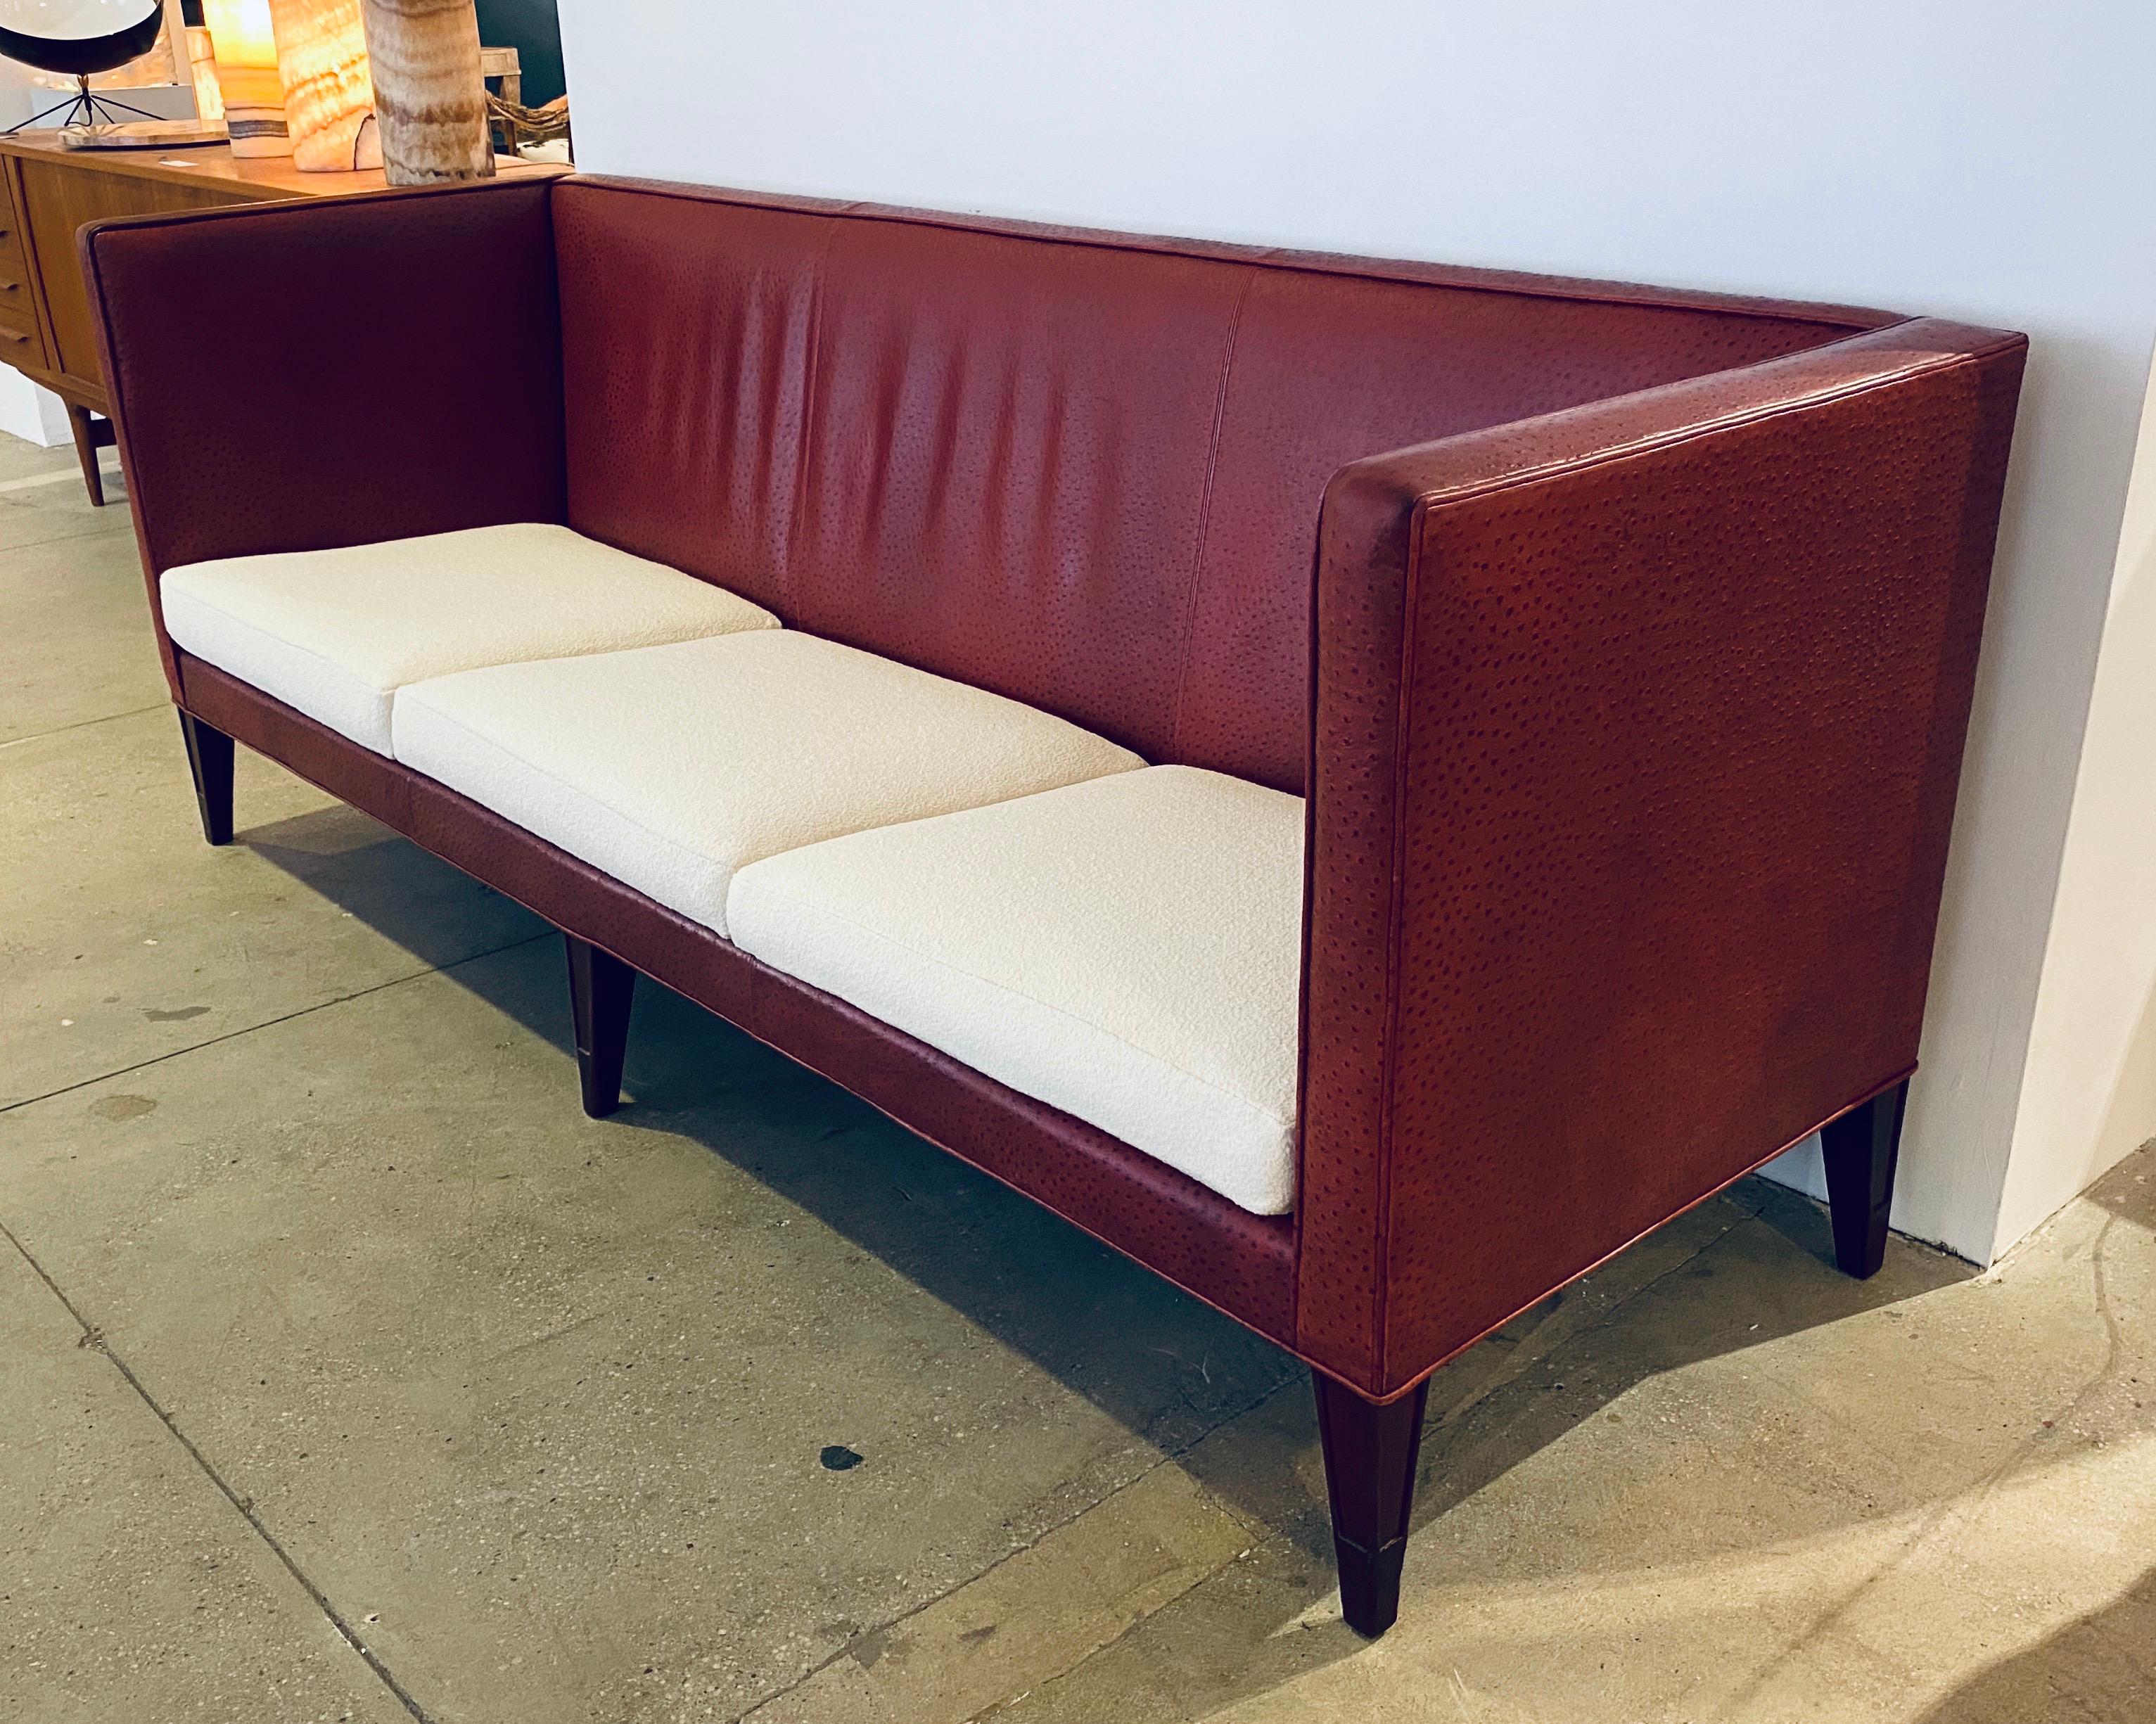 A dramatic custom long leather sofa designed by Philippe Starck for the famed redwood room of San Francisco Clift Hotel. The sofa has reddish ostrich embossed leather frame with newly upholstered Knoll bouclé cushions.
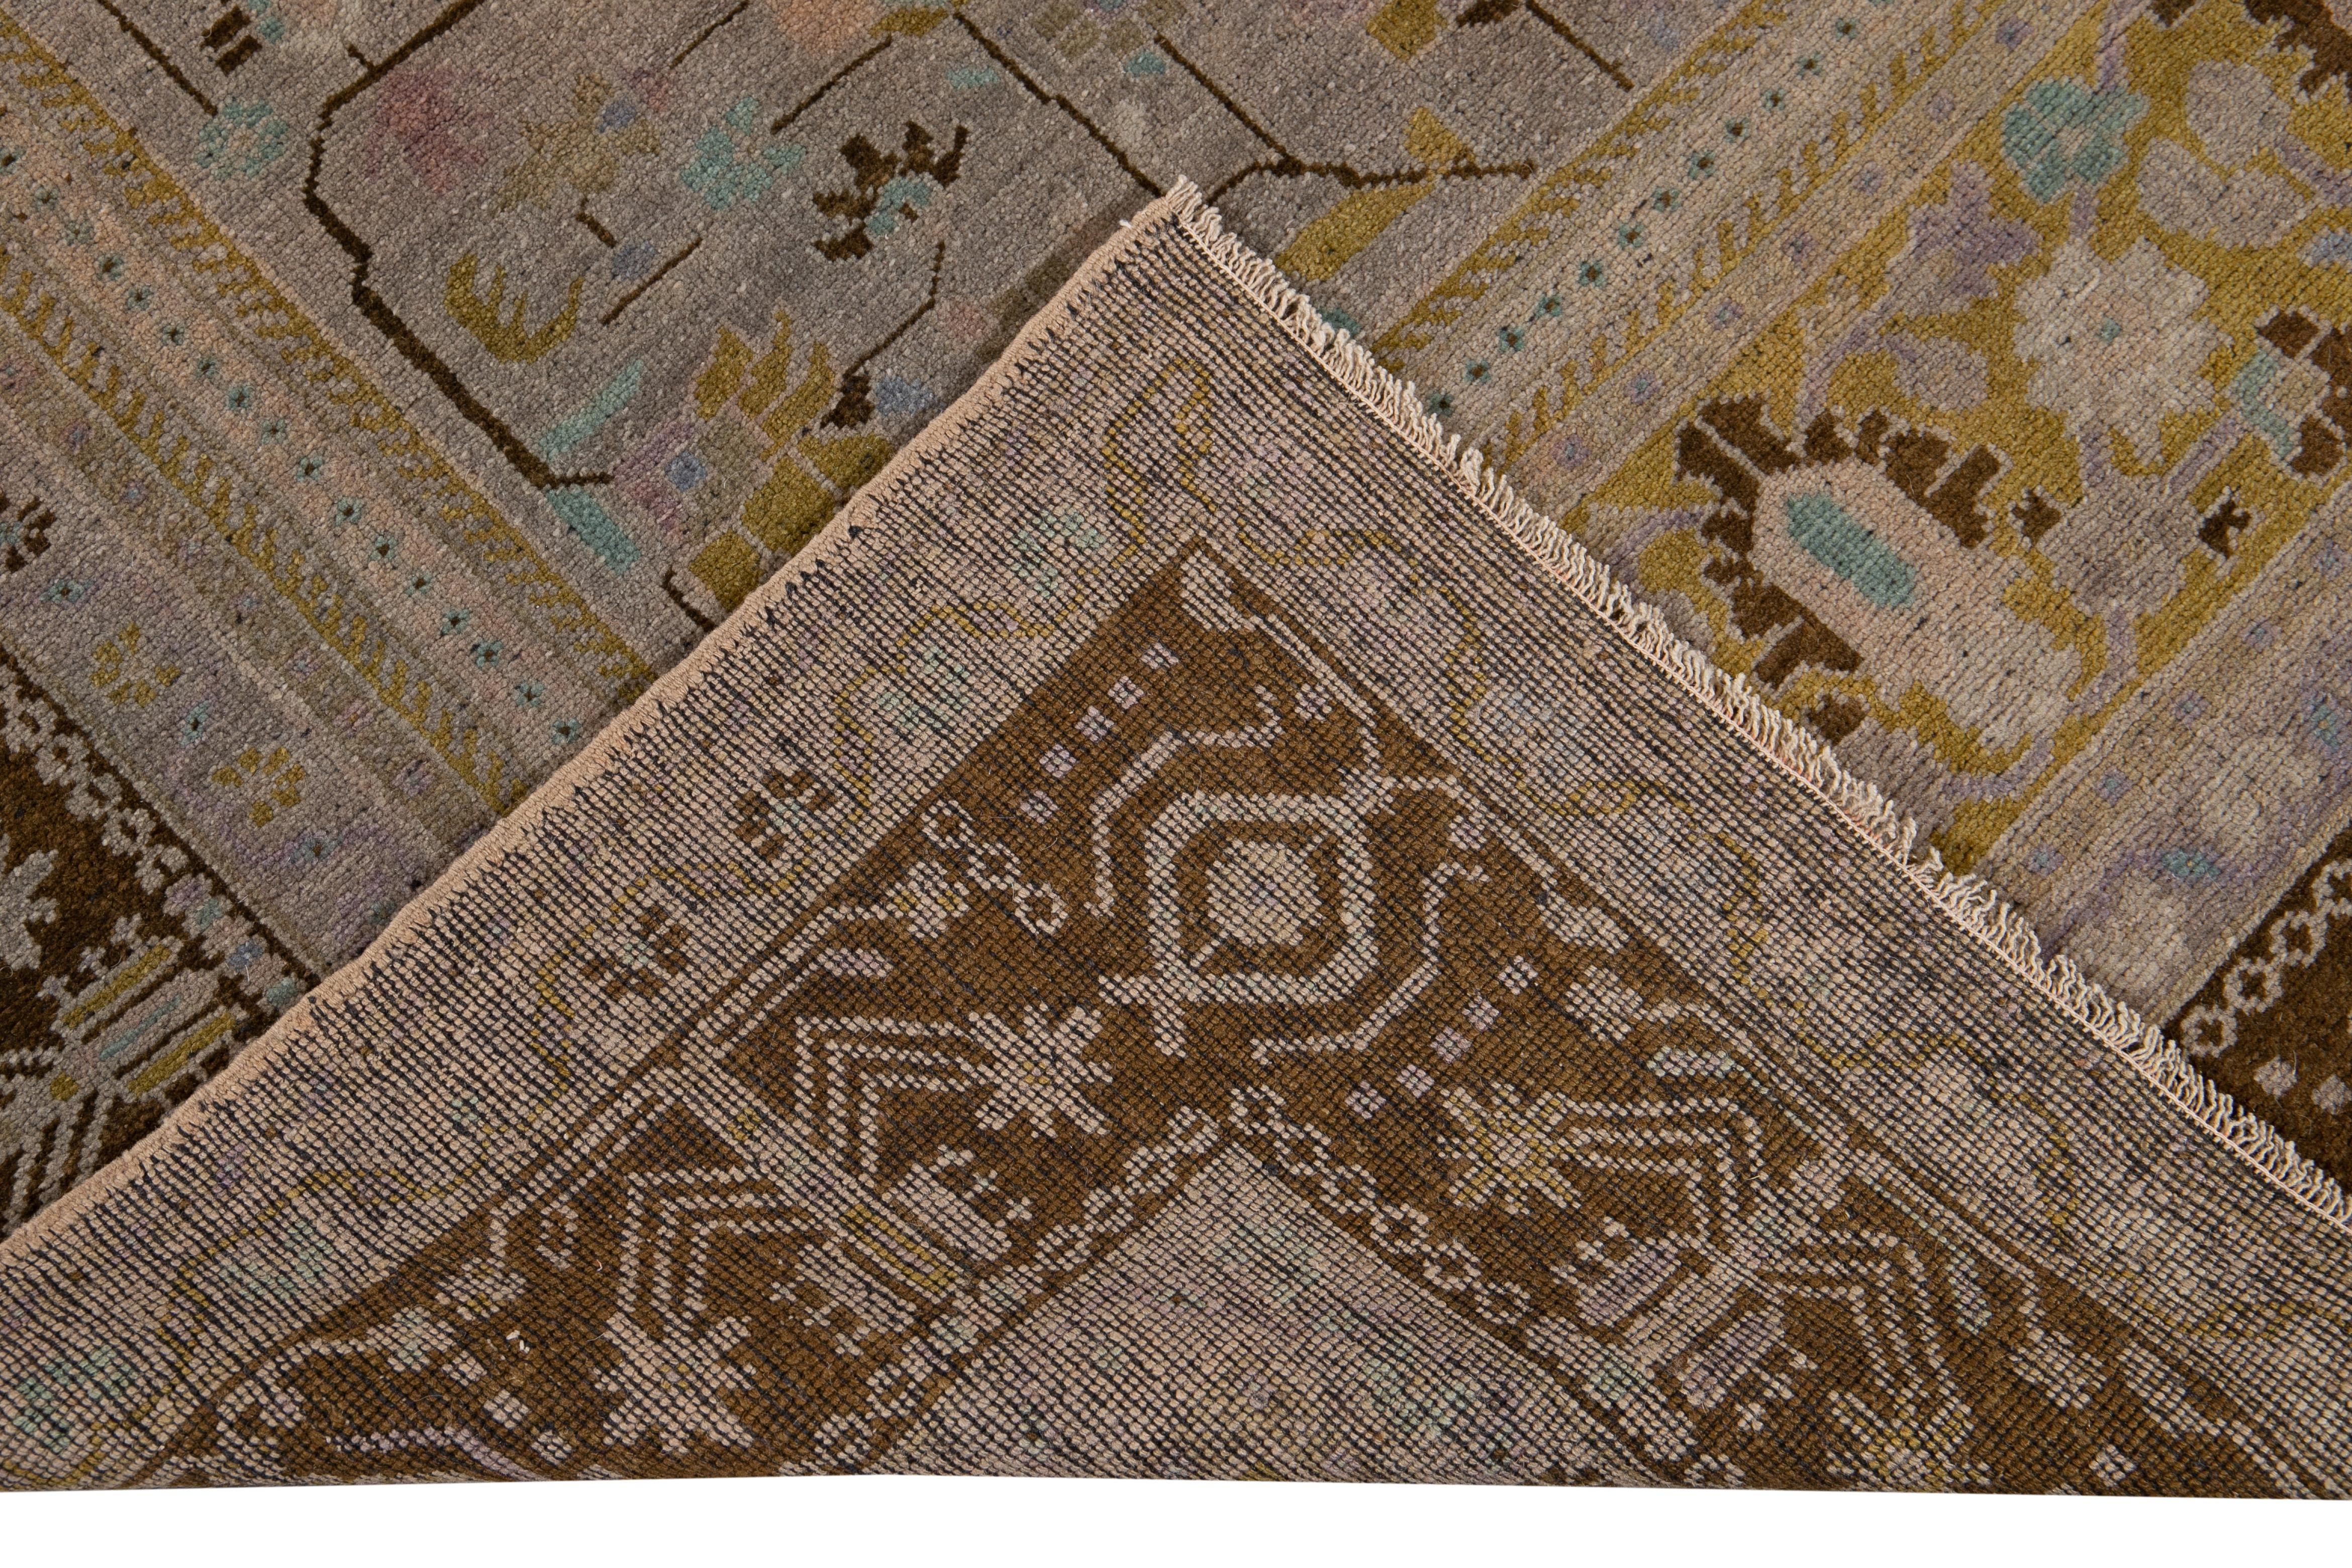 Beautiful antique Khotan hand-knotted wool rug with a Tan field. This Khotan rug has a brown designed frame with Lila, blue, and brown accents in an all-over geometric medallion floral design. 

This rug measures 7'5

· · · · ·

→ TASK DETAILS: Restate the data above word for word, so that the only difference is the missing pictures.

→ EXERCISE RESPONSE:
 A dramatic custom long leather sofa designed by Philippe Starck for the famed redwood room of San Francisco Clift Hotel. The sofa has reddish ostrich embossed leather frame with newly upholstered Knoll bouclé cushions.
 Beautiful antique Khotan hand-knotted wool rug with a Tan field. This Khotan rug has a brown designed frame with Lila, blue, and brown accents in an all-over geometric medallion floral design. 

This rug measures 7'5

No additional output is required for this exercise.